8. TerminationWe may terminate your access to all or any part of the Services at any time, with or without cause, with or without notice, effective immediately, which may result in the forfeiture and destruction of all information associated with your Account. If you wish to terminate your Account, you may do so by following the instructions on the Site. All provisions of these Terms of Service which by their nature should survive termination shall survive, including without limitation ownership provisions, warranty disclaimers, indemnity and limitations of liability.

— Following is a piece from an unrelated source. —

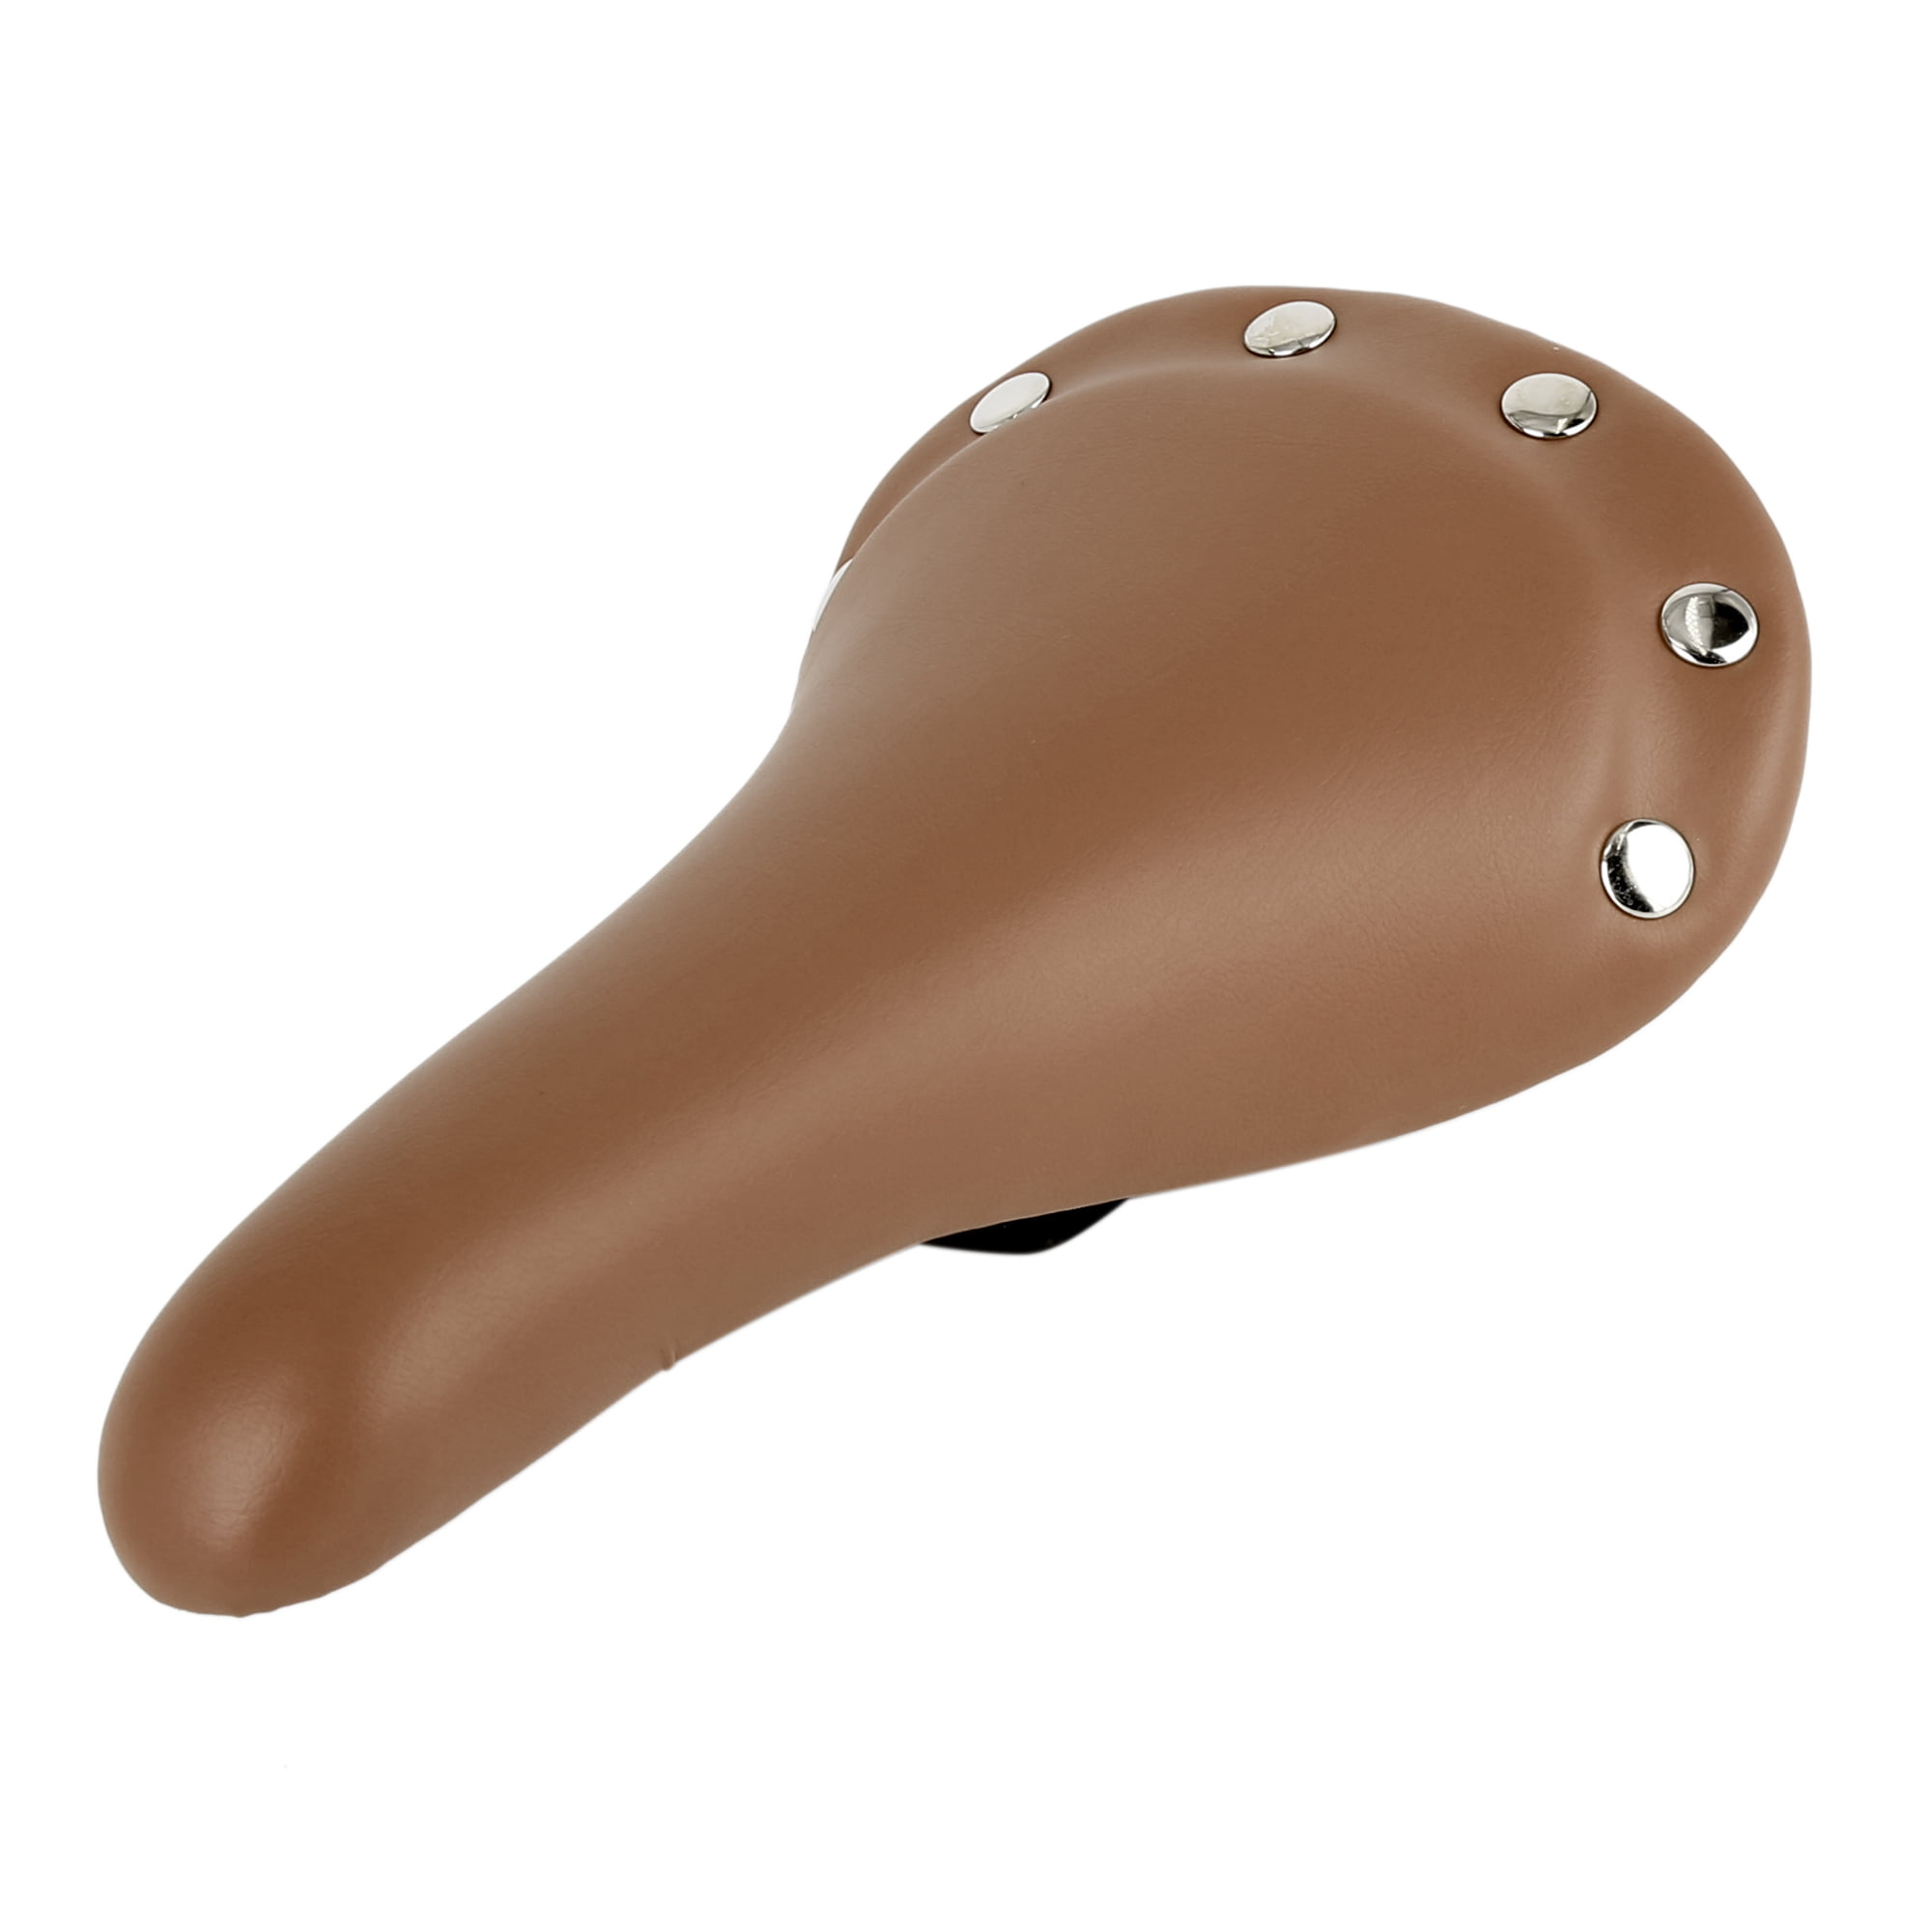 Details about   27x15x7cm Comfortable Bike Saddle Brown PU Leather Shallow Seat with Rivets

9, Warranty DisclaimerWe have no special relationship with or fiduciary duty to you. You acknowledge that we have no duty to take any action regarding which users gain access to the Services; what Content you access via the Services; or how you may interpret or use Content. You release us from all liability for you having acquired or not acquired Content through the Services. We make no representations concerning any Content contained in or accessed through the Services, and we will not be responsible or liable for the accuracy, copyright compliance, or legality of material or Content contained in or accessed through the Services. THE SERVICES AND CONTENT ARE PROVIDED “AS IS”, “AS AVAILABLE” AND WITHOUT WARRANTY OF ANY KIND, EXPRESS OR IMPLIED, INCLUDING, BUT NOT LIMITED TO, THE IMPLIED WARRANTIES OF TITLE, NON-INFRINGEMENT, MERCHANTABILITY AND FITNESS FOR A PARTICULAR PURPOSE, AND ANY WARRANTIES IMPLIED BY ANY COURSE OF PERFORMANCE OR USAGE OF TRADE, ALL OF WHICH ARE EXPRESSLY DISCLAIMED. WE, AND OUR AFFILIATES, DIRECTORS, EMPLOYEES, AGENTS, SUPPLIERS, PARTNERS AND CONTENT PROVIDERS DO NOT WARRANT THAT: (I) THE SERVICES WILL BE SECURE OR AVAILABLE AT ANY PARTICULAR TIME OR LOCATION; (II) ANY DEFECTS OR ERRORS WILL BE CORRECTED; (III) THE SERVICES ARE FREE OF VIRUSES OR OTHER HARMFUL COMPONENTS; OR (IV) THE RESULTS OF USING OUR PRODUCTS OR SERVICES WILL MEET YOUR REQUIREMENTS.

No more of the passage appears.